Relatively new (I think it's been up for a month or two) in Athens along campus.










Am I the only one who would never consider a goldfish "common" in the Hocking River? I think it's borderline having saugeye on there. Sauger, sure...but saugeye?


----------



## 9Left (Jun 23, 2012)

They're saying that there are no species of catfish that are common in that river? No largemouth bass? No carp? 
I tried to zoom in a little bit and I don't see anything That would suggest the ODNR was a part of this....I'm guessing it was some sort of project from college kids…?


----------



## TheCream (Mar 19, 2009)

9Left said:


> They're saying that there are no species of catfish that are common in that river? No largemouth bass? No carp?
> I tried to zoom in a little bit and I don't see anything That would suggest the ODNR was a part of this....I'm guessing it was some sort of project from college kids…?


It's supposedly "10 common fish" and (I think) not supposed to be "the 10 most common fish." But still. Yes, I tend to think high school/college freshman project work.


----------



## 9Left (Jun 23, 2012)

Me too… But still… I agree with you… Who in the world would've thought a common goldfish?


----------



## Dragline (Nov 26, 2007)

Keep in mind someone who probably knows nothing about the river or fishing was given the task of coming up with a sign. 
There was funding available and tax money to spend. LOL


----------



## EnonEye (Apr 13, 2011)

Fishes? I thought "fish" was plural???


----------



## Buck-Eye (Jul 9, 2008)

Every fisherman from Ohio should own a copy. Fishes of Ohio by Milton B Trautman.


----------



## Bprice1031 (Mar 13, 2016)

Buck-Eye said:


> Every fisherman from Ohio should own a copy. Fishes of Ohio by Milton B Trautman.


I have a copy.


----------



## creekcrawler (Oct 5, 2004)

Buck-Eye said:


> Every fisherman from Ohio should own a copy. Fishes of Ohio by Milton B Trautman.
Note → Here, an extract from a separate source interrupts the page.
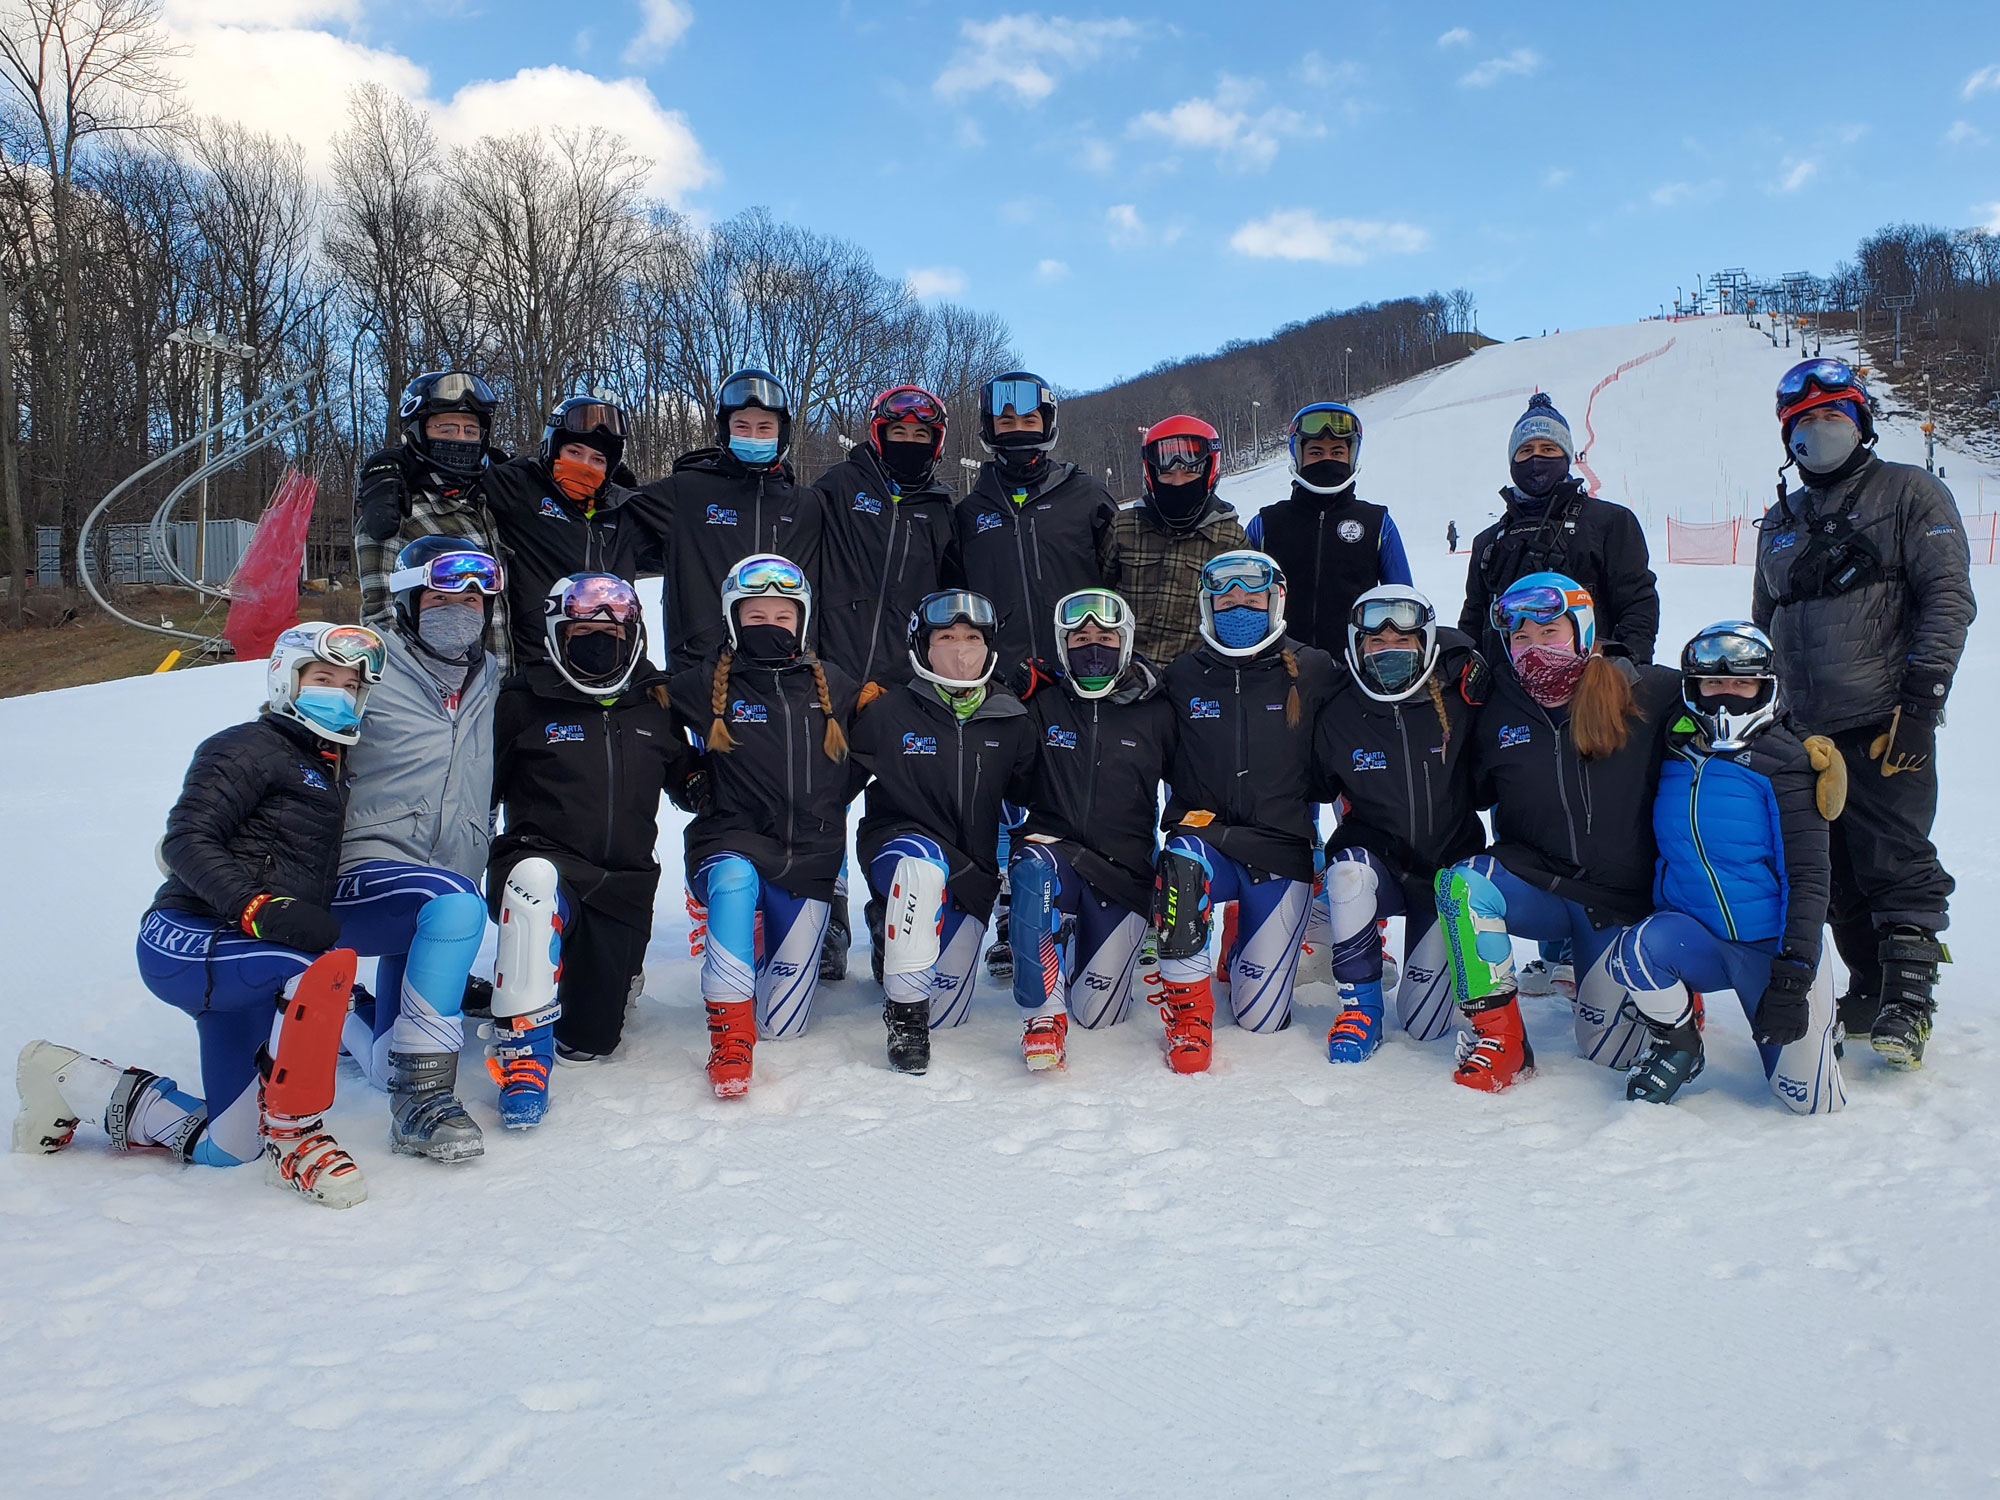 2021/22 Ski Team

I have that for sure. but I also picked up a new one Ohio U. issued last year.
Can't remember the name of it, it was a bit costly, but the color plates are amazing.


----------



## Fishin365 (Feb 3, 2009)

EnonEye said:


> Fishes? I thought "fish" was plural???


Fish...more than 1 fish present (any species)
Fishes...more than 1 species present


----------



## Bass Assasin Slaton (May 22, 2011)

9Left said:


> They're saying that there are no species of catfish that are common in that river? No largemouth bass? No carp?
> I tried to zoom in a little bit and I don't see anything That would suggest the ODNR was a part of this....I'm guessing it was some sort of project from college kids…?


they should have consulted us lol


----------



## Dragline (Nov 26, 2007)

Saltfork has a posted sign (Dam Launch) with requests for information from fishermen to fill out a questionaire sheet and send in about the Saugeye fishing in the lake. Do they read posts on this web site ??? Wow would that help them.
Answer is - these fish seem not to even be in the lake. Saltfork is like the dead sea.


----------



## chevyjay (Oct 6, 2012)

Buck-Eye said:


> Every fisherman from Ohio should own a copy. Fishes of Ohio by Milton B Trautman.


it is or was sold at the hocking technical college bookstore. also noticed rock bass not listed.


----------



## BuckeyeCrappie1965 (Jul 15, 2019)

Nothing I would want to consume....LOL


----------